Monday, February 19, 2024

The business of death. . .

You know how those surveys keep popping into your email box or up on the screen after a purchase?  How did we do?  Are you happy with us?  How can we improve?  Will you recommend us to others?  Who gets the surveys sent out by the funeral home industry?  Not the dead.  They have no say in the matter.  Even those who leave detailed instructions on their funerals can be overruled by family and their last wishes left unfulfilled.  No, the living decide about funeral arrangements and then decide if those arrangements are satisfying and meaningful.  This translates again into the power of the almighty dollar.  Money talks in funeral homes as much as in retailers across America or online.  So what has money said?

On the one hand, when money is not the object, death is lavish.  Even better than life!  The dead are all dressed up in their finest (even new or rented clothing).  The make up is applied to make them look as undead as possible.  The coffins are better crafted furniture than the stuff in the homes they plopped down on in front of the TV.  They are laid upon soft cushions appreciated more by the mourners than the bodies laid upon them.  They are lauded better in death then they were in life by those who seldom said the same kind words to them while they lived.  They are laid in cement or steel or bronze vaults designed to prevent the inevitable from occurring -- at least as much as it is possible for man to do.  The mourners feast and laugh -- usually at the expense of the dead.  Death is a consumer driven industry with every available option to those who can afford them.

On the other hand, when money is the object or convenience, death can be cheap.  The last year it was reported, some 56  percent of Americans were cremated with the trend indicating that will increase to 80% in 15-20 years.  Cremation is certainly easier, it allows the arrangements to be more flexible with respect to time and place, less expensive, and, it might seem, a better fit for our use of green space and other resources consumed by caskets, vaults, and cemeteries.  Here again, the consumer is king.  You want the ashes to take with you like fast food?  They come in a bag and a box (as well as more expensive urns).  You want them fashioned into jewelry?  You can wear the dead around your neck.  You want them scattered in all the old familiar sentimental places?  Road trip!  And I could go on and on and on.  

The Church once used funeral practices as a line of demarcation between the pagan and the faithful.  While that might be true in some places, it is no longer true within the American industry of death.  Faith or no faith, which faith or none, seems to matter little to the choices made with how to deal with the dead.  Older folks are still more partial to coffins and graves but that is also changing.  In fact, as a pastor I find myself hard-pressed to advocate for contending for traditional burial practices against the price points being extracted by the funeral home industry, the cost of perpetual care, and the fact that graves are gone and forgotten with the dead.  Some may argue that the old distinction still stands but I struggle to find evidence of it.  Instead, the whole scene is confusing -- driven more by convenience and cost than anything else.  Add to that the practice of relics and you have some Christians refusing to let the buried be buried and the dead be dead.  But that is another blog post.

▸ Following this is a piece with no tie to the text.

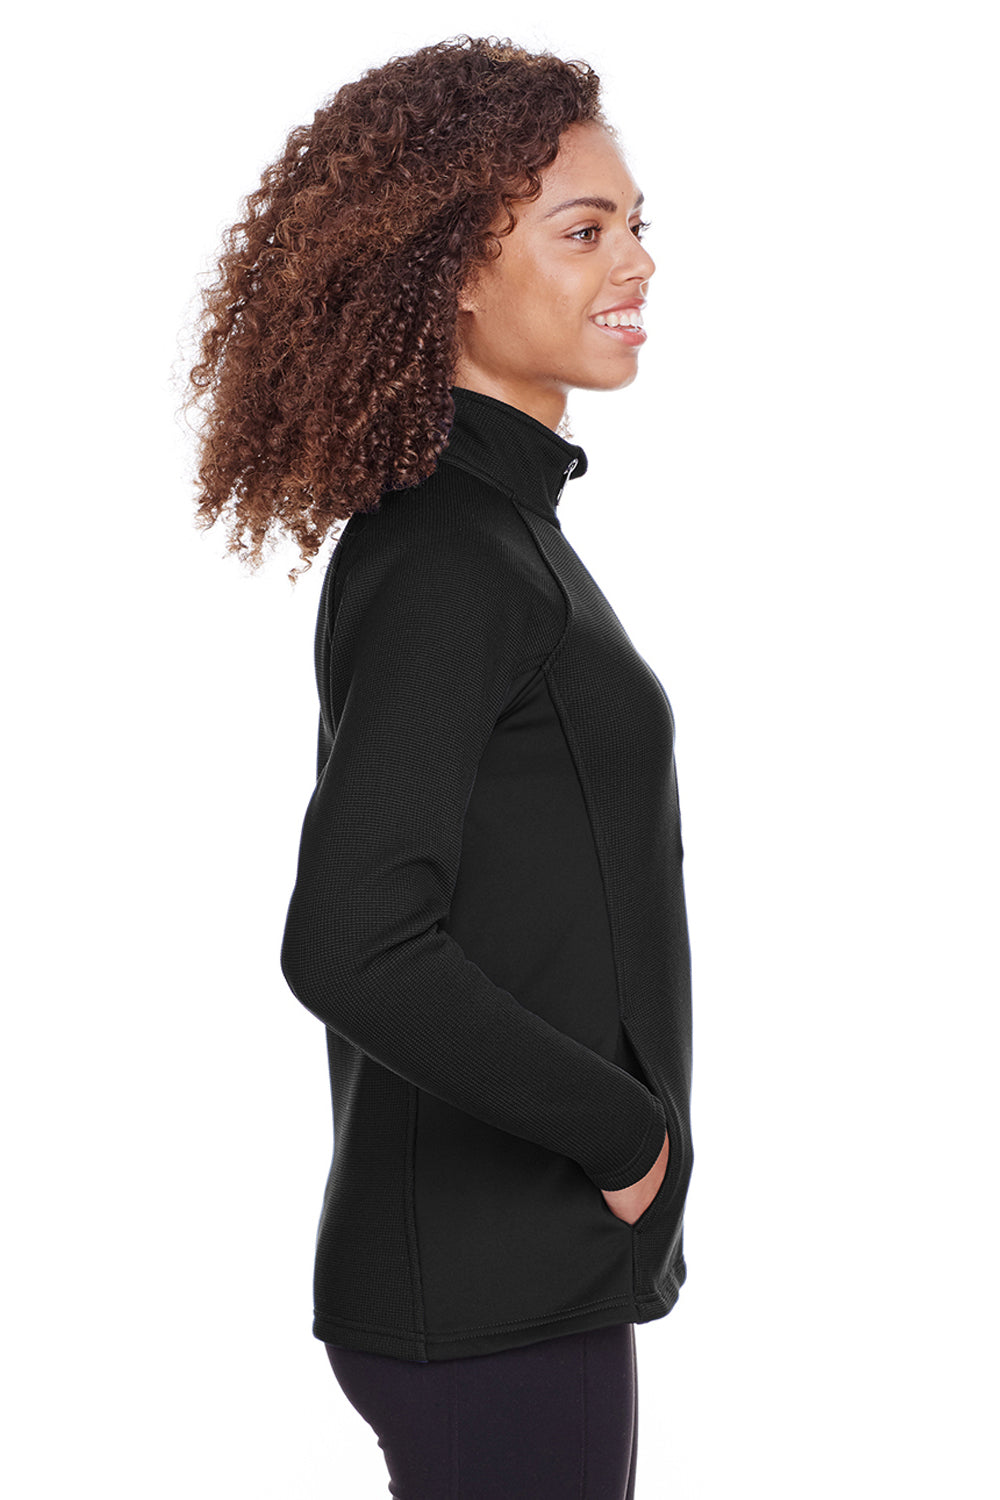 Spyder S16562 Womens Constant 1/4 Zip Sweater Black Side

In the end, Christians as well as those without any faith or hope for the resurrection of the body seem to feel the need to steal the sting of death by what they do and not by what Christ has done.  That is where the bigger problem lies.  Even Christians have adopted the whole circle of life idea, the conviction that a spiritualized life is both the least and the best we can hope for, and that the material ends up being a prison for the real person from which they need to be set free.  What we Christians will have to decide is if we think death a disposal of some part of us that is non-essential and maybe even a burden or if death is where we come face to face both with what sin has wrought and Christ has overcome.  St. Paul makes it clear in 1 Corinthians 15 that the resurrection of the body and not merely of the dead is one of the key and essential truths of Christ without which there is no real Christian faith at all.  In the end what we do in death should be more about Christ than it is about the dead or the living -- at least for the baptized!  What we do in death ought to be a confession just like what we do in life is a confession of what we believe, teach, and confess.  I will not solve this dilemma but I will leave you with this.  The problem with funeral practices (especially for Christians) may be complicated by the fact that we no longer believe in or yearn for the resurrection of the body.  We may, instead, be content to join with nature and the life force of others in some grand but empty chaos that is no real life at all.  If that is true, we have more problems than simply with how we style the business of death.